En cualquier caso, bastan estos dos ejemplos, rayos ultravioleta y tabaco, para ilustrar la cuestión importante. Como hemos descrito en la piel y ocurre en cualquier otro tejido, el envejecimiento tiene causas intrínsecas que se derivan del simple hecho de estar vivos. Si vivimos, envejecemos. No hay alternativa a esta ley universal. Pero, además, el envejecimiento también está modulado por factores externos que dependen de cómo elegimos vivir. Depende de nosotros si nos beneficiamos del sol o nos quemamos la piel. Depende de nosotros si fumamos o no.

Estos factores externos, como hemos visto, actúan sobre las causas intrínsecas y las regulan. Si acumulamos MMP, nos estropeamos el colágeno. Si maltratamos nuestro cuerpo con radiaciones, tóxicos y otras agresiones, aceleramos el envejecimiento. Pero, del mismo modo que lo aceleramos, también podemos frenarlo. En las próximas páginas y capítulos veremos cómo.

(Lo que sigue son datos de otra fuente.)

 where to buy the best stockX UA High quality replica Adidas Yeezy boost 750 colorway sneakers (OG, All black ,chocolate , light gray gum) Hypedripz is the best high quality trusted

En el caso de la piel, lo primero en que se suele pensar cuando se habla de frenar el envejecimiento es en tratamientos de medicina estética. Liftings, bótox, rellenos, cremas... Hay pocas áreas de la medicina que hayan aumentado tanto su actividad en las últimas décadas, en las que se hayan construido tantas clínicas y que hayan movido tanto dinero como esta. Si algo demuestra este crecimiento es que hay una enorme demanda por tratamientos que nos mantengan jóvenes. Y hay que decir a su favor que a veces los resultados son espectaculares.

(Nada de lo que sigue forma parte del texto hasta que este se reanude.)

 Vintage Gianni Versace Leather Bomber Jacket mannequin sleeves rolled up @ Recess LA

Pero si uno piensa en el cuerpo humano de manera holística, y se pregunta qué es lo que cambia realmente con estos tratamientos llamados antiaging, llega a la conclusión de que de antiaging tienen poco. Porque los cambios son de apariencia. Espectaculares pero superficiales. Y mientras tanto, bajo la superficie, todo el proceso de la vida y el envejecimiento continúan de manera inexorable. Por eso algunos tratamientos como los de bótox o rellenos inyectables deben repetirse de manera periódica. Mejoran la apariencia pero no eliminan el origen del problema.

Si queremos modificar nuestra edad biológica, y no solo nuestra apariencia de edad cronológica, vamos a tener que modificar lo que ocurre bajo la superficie, en las profundidades de nuestras células.

Esto no significa que los tratamientos de medicina estética no sirvan de nada. Para muchos de sus usuarios tienen posiblemente un efecto psicológico positivo de mejora de la autoestima, que es una parte importante de la salud y el bienestar.

Pero en cualquier caso es una autoestima vinculada a nuestra apariencia. A cómo deseamos que nos vean los demás. A ajustarnos a presiones externas, a estereotipos que nos vienen impuestos. Una autoestima, en definitiva, basada en cumplir con lo que se espera de nosotros.

Pero hay una autoestima más robusta, y una belleza más sutil, que se basa en aceptarnos tal como somos, en no dar más importancia a la apariencia que a la sustancia y en no ceder a estereotipos y presiones. Una autoestima que viene del interior.

Esta dicotomía entre presión exterior y pulsión interior es esencial cuando hablamos de frenar el envejecimiento. Podemos conformarnos con las apariencias, maquillarnos la fachada y presentarnos en sociedad como personas para quienes no pasa el tiempo. Pero si queremos modificar nuestra edad biológica, y no solo nuestra apariencia de edad cronológica, vamos a tener que modificar lo que ocurre bajo la superficie, en las profundidades de nuestras células. Vamos a tener que emprender, como diría Julio Verne, un viaje al centro de nuestro cuerpo. Es la gran aventura de exploración del siglo XXI.